Doesn't that sound like an incredibly stupid way to design a network? Maybe so, but think about it for a moment. Imagine how much more complex the routing hardware would have to be to ensure that every IP packet arrived intact at its proper destination. Right now, the routers don't care; they take the data and keep relaying it on until it either gets to its destination, or they discard the packet as junk. Simple hardware is cheaper to build, and faster as well.
So, what is the point of unreliable communications? With digital data, even one byte missing out of a file can make the entire thing useless, so unreliable communications seems like the opposite of what you'd really want!
Instead of letting hardware control integrity and validation, the IP model puts software in charge. Before going into this topic, I want to explain the layered hierarchy of Internet communications.

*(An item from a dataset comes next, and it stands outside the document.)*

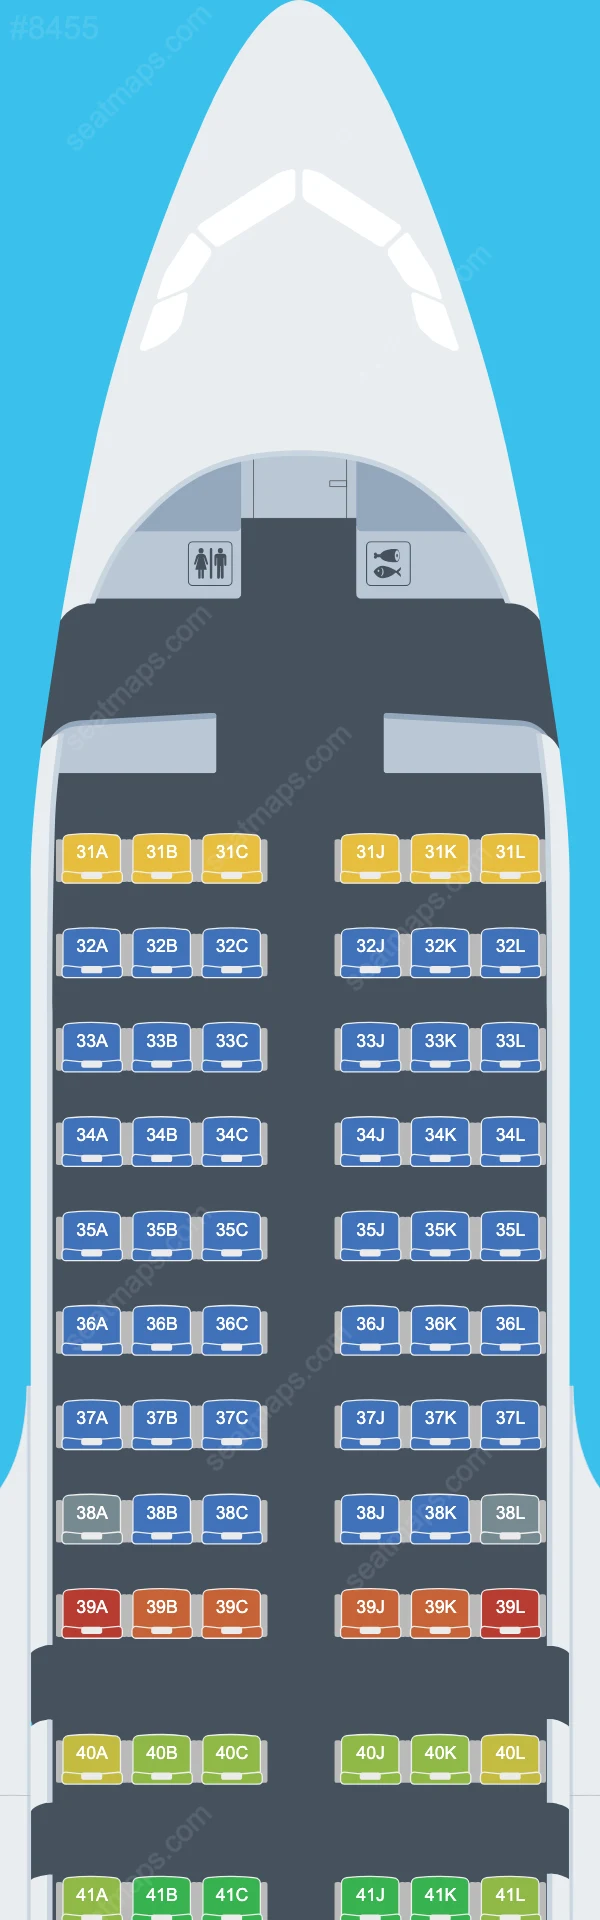 Cambodia Airways Airbus A319-100 seatmap mobile preview

Internet protocols are actually designed into four distinct layers :
Each time you send a packet of data over the Internet, it is encapsulated by a new header at each layer. For example, if you are sending Hyper Text Transfer Protocol ( HTTP ) data, which is basically web-page data, the data you send is first enclosed into an HTTP header at the Application layer. Then, the HTTP application sends the packet to the operating system, which adds a Transport layer packet header as well as an IP packet header for the Internet layer. (HTTP uses TCP as the Transport Layer Protocol. And I will get to TCP in a bit.) Finally, depending on what device you use for Internet access, a Network layer packet header is added to the packet, and finally it is sent on its way. Figure 1.10 is a pictorial representation of the layered hierarchy of Internet packets. This particular example demonstrates browsing the WWW with an Ethernet connection.
Previously, I told you all about the IP protocol. This protocol makes its home in the second layer, the Internet layer. I started there first, because it is really the most important layer when dealing with Internet communications. Now I will go into more depth on the layers themselves .

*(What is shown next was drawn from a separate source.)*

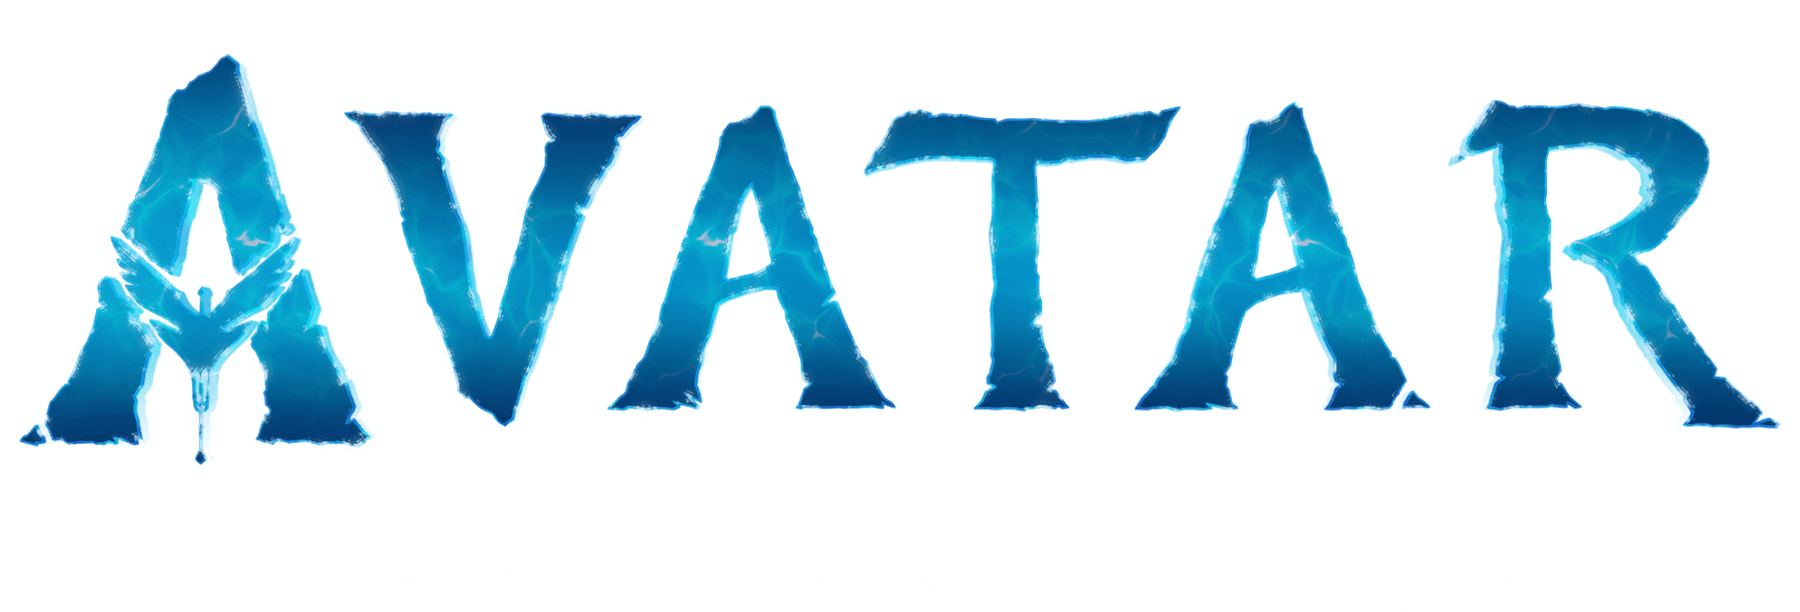 Avatar: The Deep Dive - A Special Edition of 20/20 logo

The lowest layer is called both the Network layer and the Physical layer , because it is the layer that is added to a packet whenever a physical device sends the data. Examples of this include an Ethernet card (Ethernet Protocol), a modem (PPP Protocol), a wireless Internet card (802.11b protocol), or a cable modem (DOCSIS protocol). Each of these devices operates in a different way and has its own header format depending on its needs.
The great thing about the layered protocol system is that the physical devices don't care what kind of data you are sending over them, so you can send any kind of data, as long as the recipient of the data expects it and knows how to decode it.

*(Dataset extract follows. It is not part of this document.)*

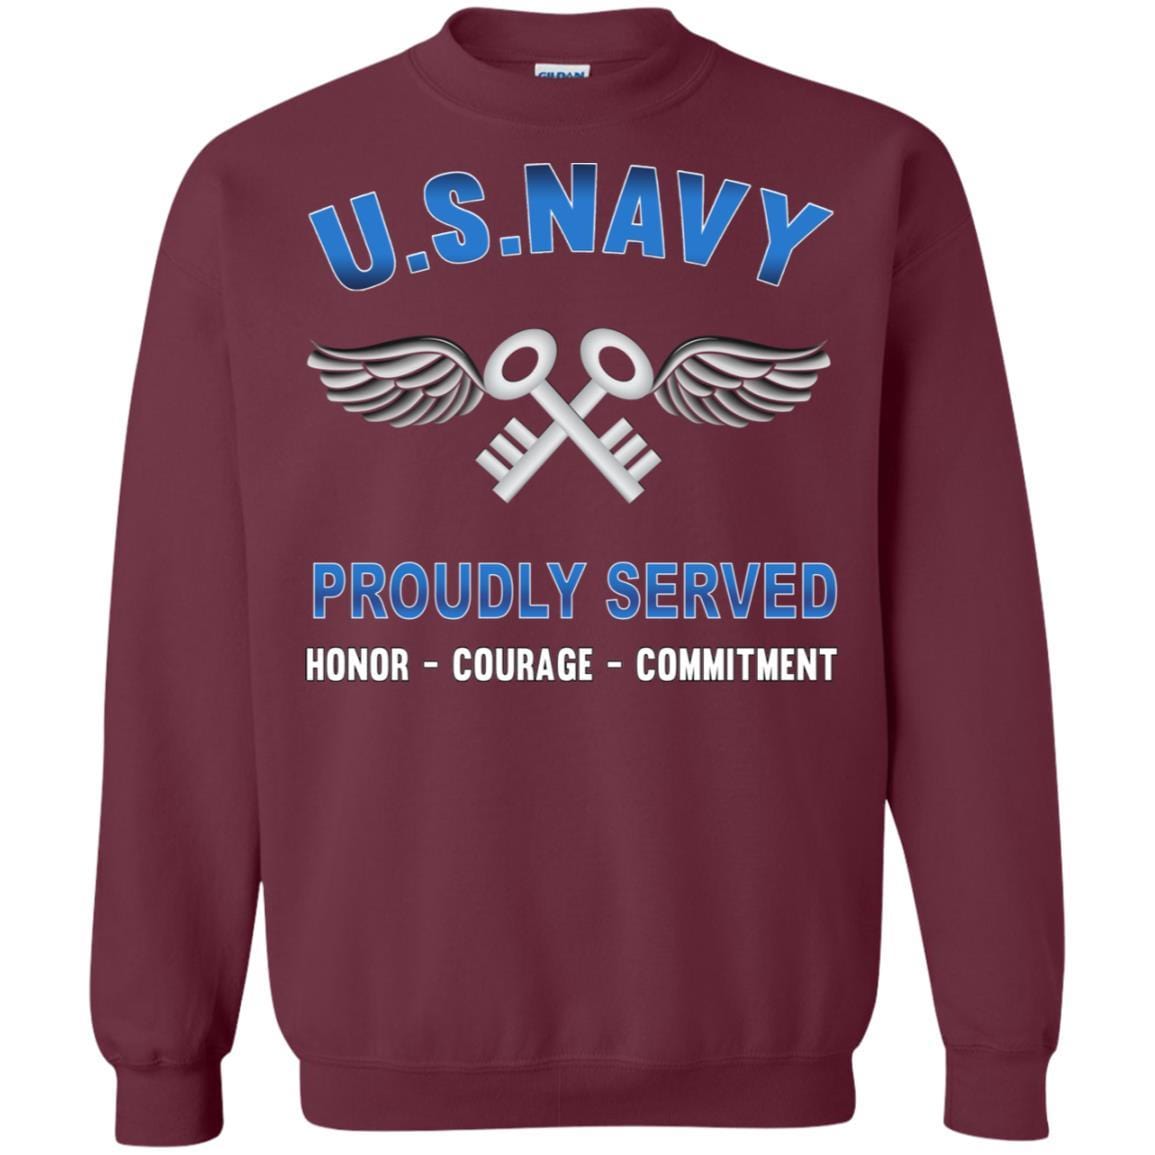 Navy Aviation Storekeeper Navy AK - Proudly Served T-Shirt For Men On Front-TShirt-Navy-Veterans Nation

The Internet layer is perhaps the most important layer, since every device in a single network must understand and recognize it. The primary purpose of the Internet layer is to provide routing and addressing services, so the routers know where to send packets. A network can use many different kinds of devices, such as modems and Ethernet cards, and as long as they all understand the Internet layer protocol in use, the network should operate perfectly .
Of the three major Internet layer protocols, I have described the two most commonly used: IPv4 and IPv6. In the past, a third protocol, called IPX or Internetwork Packet Exchange, was widely used as well. IPX is superior to IP in a few ways, but it never really caught on and is pretty much dead today. One of IPX's notable characteristics was that it had a segmented address space. It had 32-bit network addresses, and each network also had a 48-bit node address, essentially using 80-bit addresses.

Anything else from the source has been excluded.